1. Introduction
1.1. One, None, a Hundred Thousand…Self
In the last two decades, complex systems biology has been developed
[1]. This discipline investigates collective properties that cannot be connoted by analyzing a single component but rather by examining the complex totality through a multidisciplinary approach. The human body is a sophisticated multisystem regulated by genetic background, epigenetics, environmental drivers, the microbiome, interpersonal relationships, activities, emotions, and experience. The holistic version (from Greek όλος: totality) considers our organism in its entirety (body, mind, experience and mood) and not as a collection of organs and systems.

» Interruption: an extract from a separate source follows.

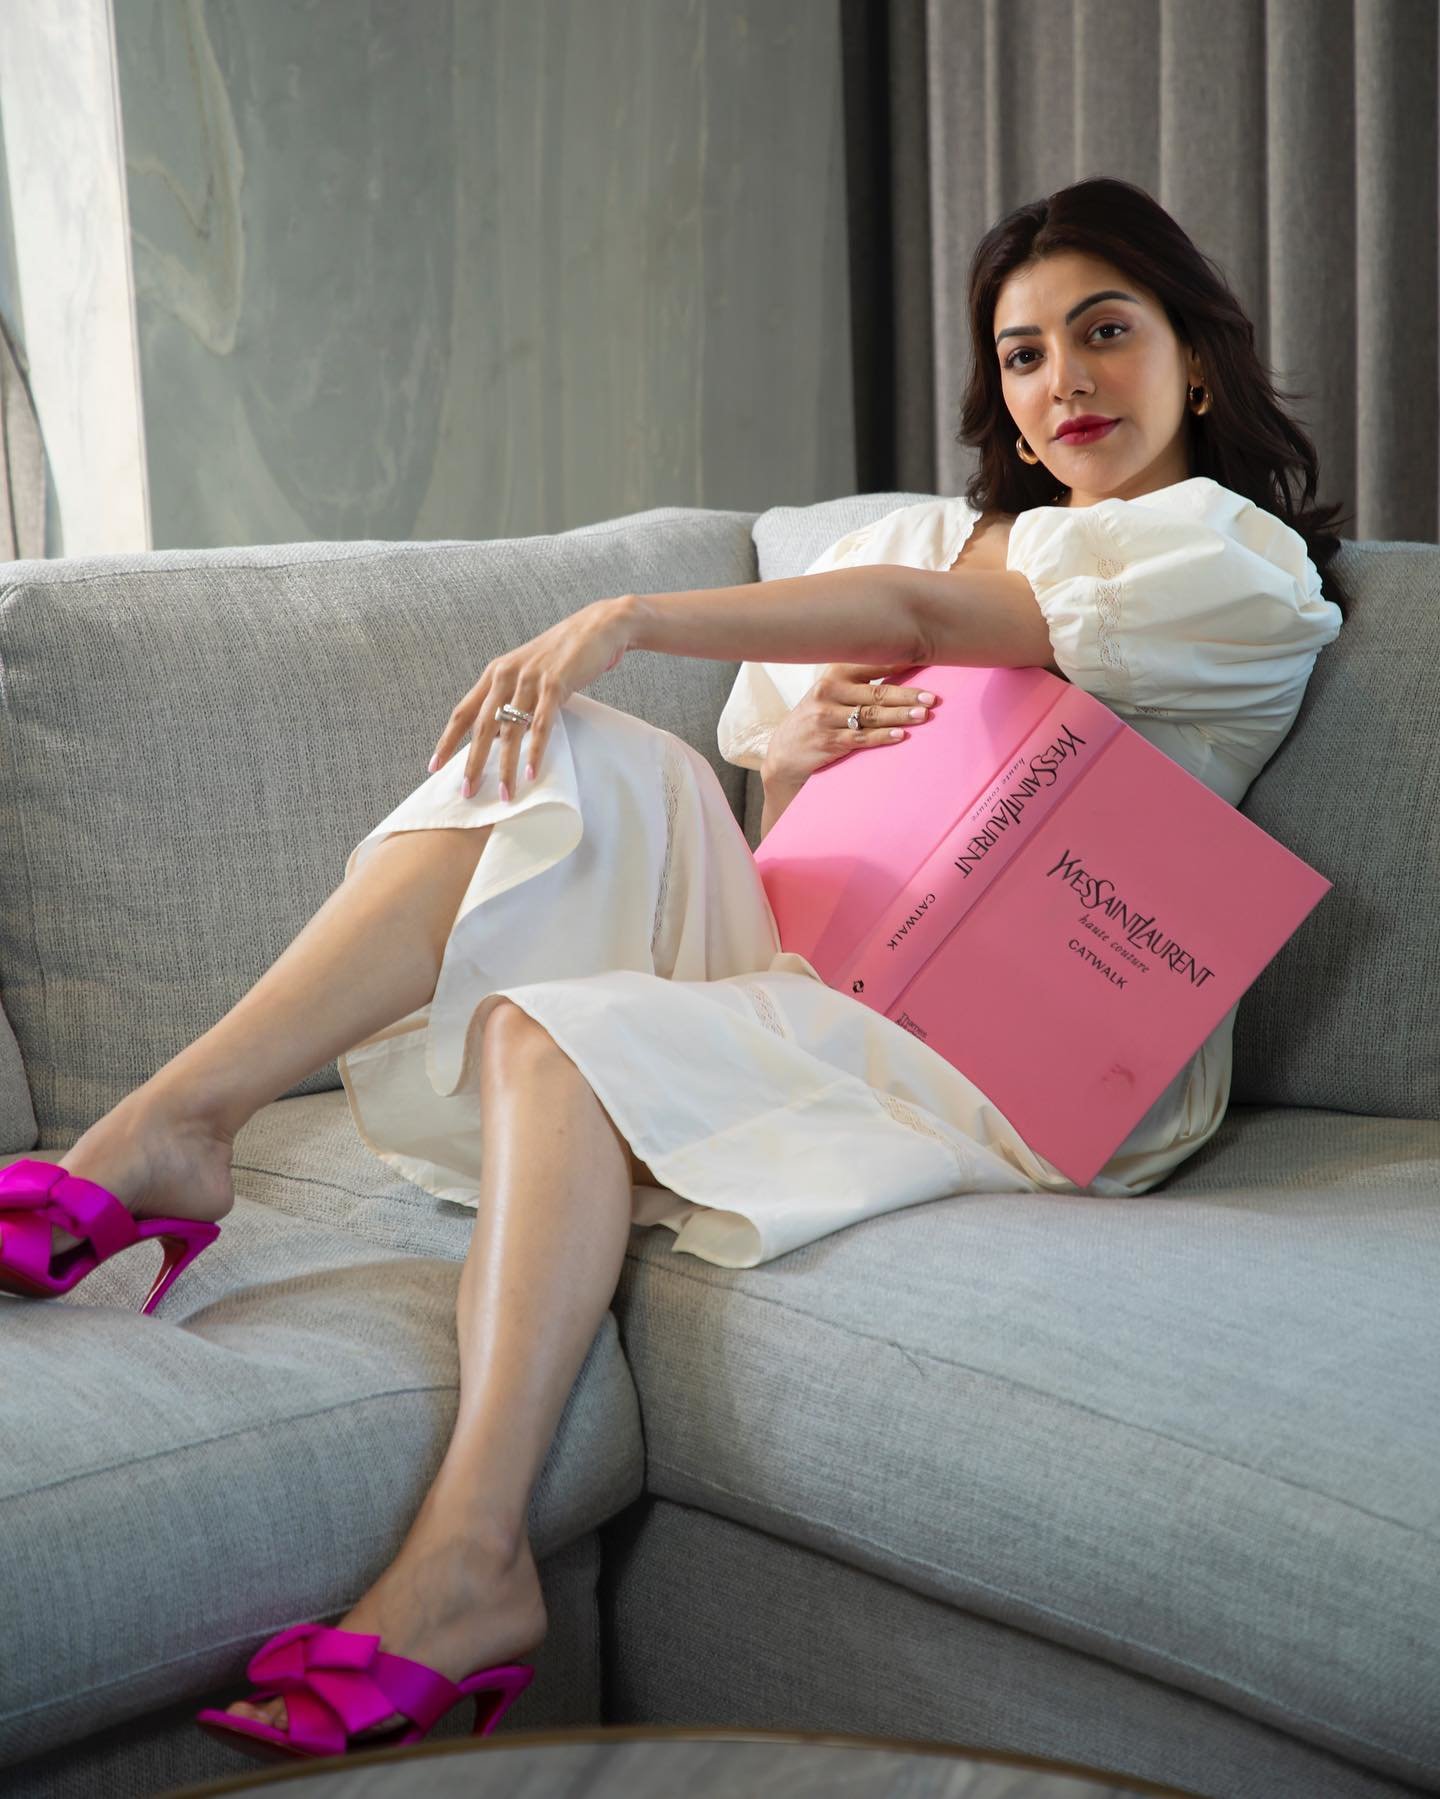 Alia Bhatt nails pregnancy fashion in oversized shirt as she poses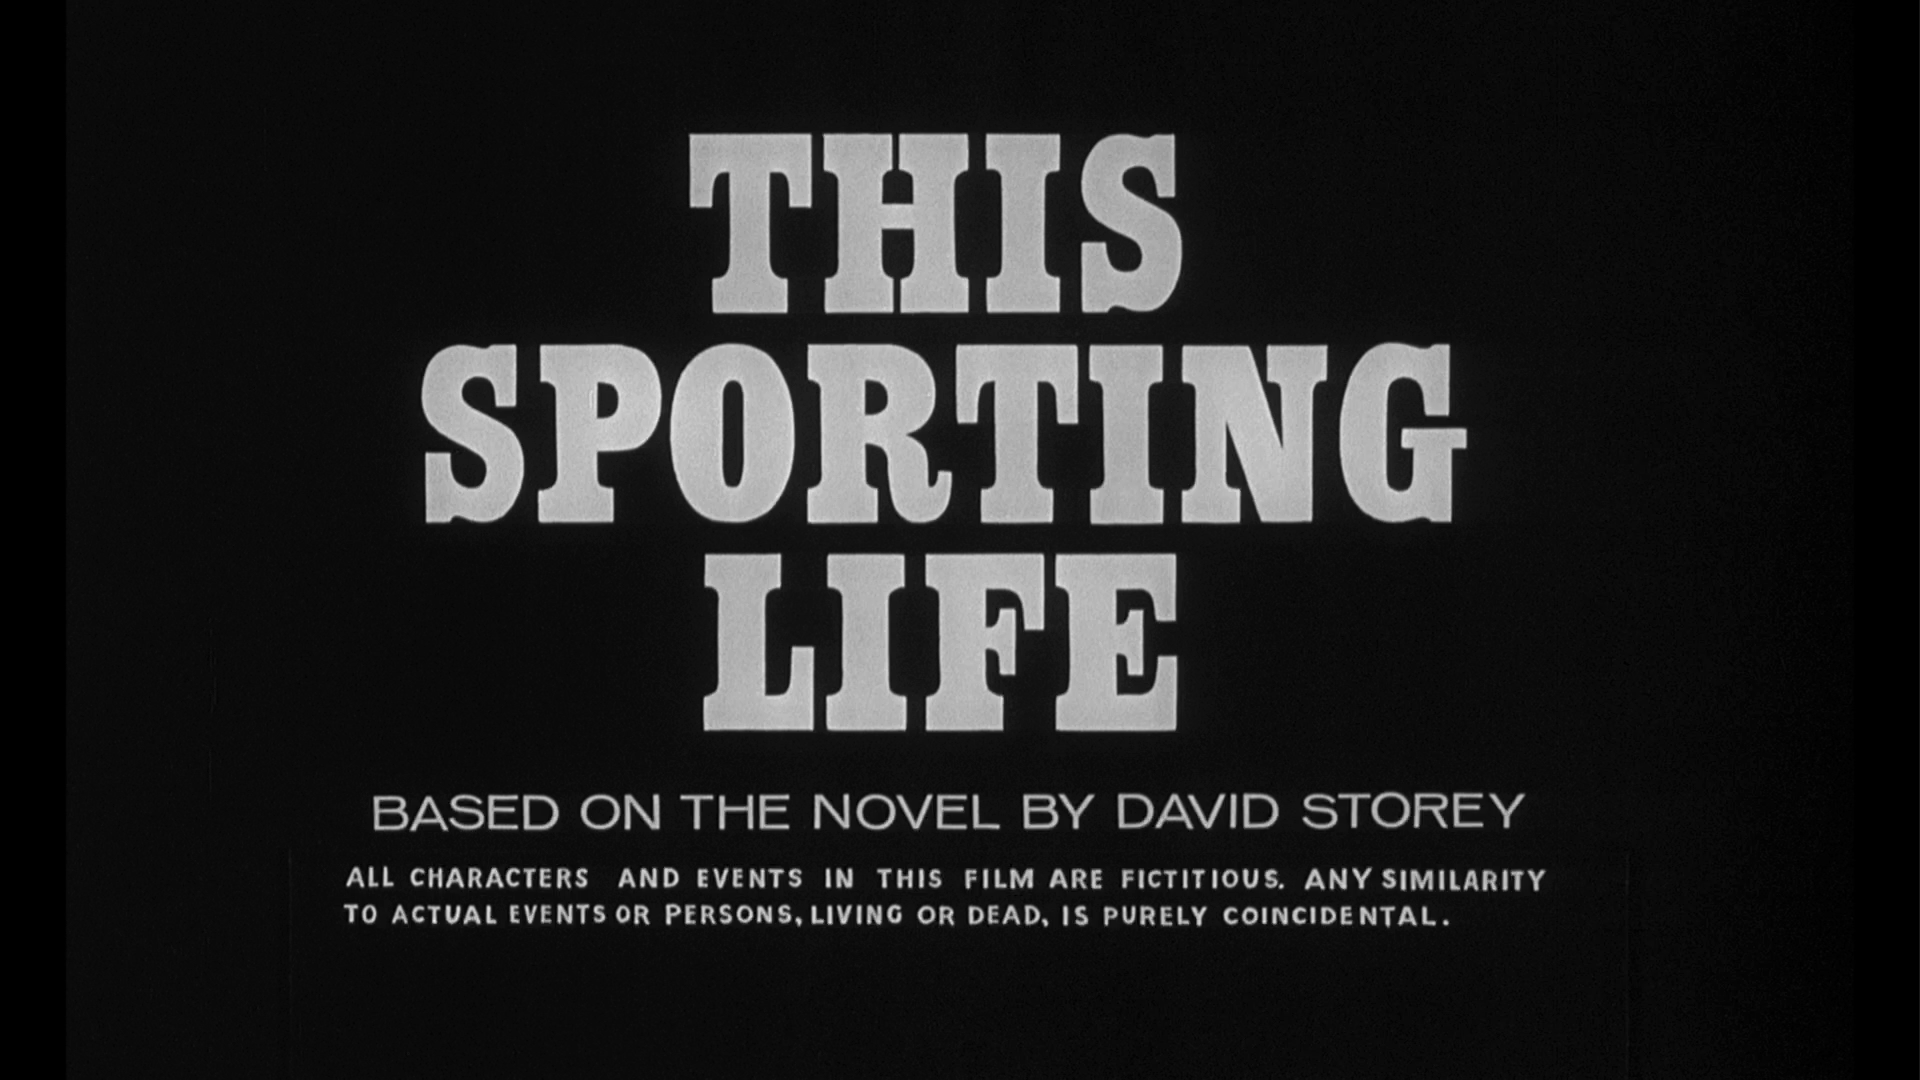 Спортинг лайф. The Sporting Life the Sporting Life. Sport is Life. Спортинг лайф по Музыке.

The human gastrointestinal (GI) tract hosts one of the most complex ecosystems on the planet. The vast community of resident microbes represents a complex system interconnected with the host organism (co-evolved over time) and regulated by sophisticated and vulnerable dynamics. The actual self is no longer a distinguishing feature of the human being but an advantageous structural and functional combination with that microscopic universe we used to call ‘non-self.’ Through vaginal birth, an advantageous ‘handover’ occurs from mother to infant (‘microbial inheritance’). During and immediately after birth, a significant number of maternal and environmental microorganisms colonize the skin and mucous membranes (oral cavity, airways, urogenitals and GI tracts). As a result of the post-natal colonization process, site-specific microbial ecosystems, known as microbiota, are formed. The microbiome, on the other hand, includes the microbiota, consisting predominantly of bacteria (although other domains such as archaea, fungi, and algae are also present), and their microbial structural elements (proteins/peptides, lipids, polysaccharides), nucleic acids (structural DNA/RNA), mobile genetic elements (viruses, phages, residual DNA), and microbial metabolites (signal molecules, toxins, organic, and inorganic compounds)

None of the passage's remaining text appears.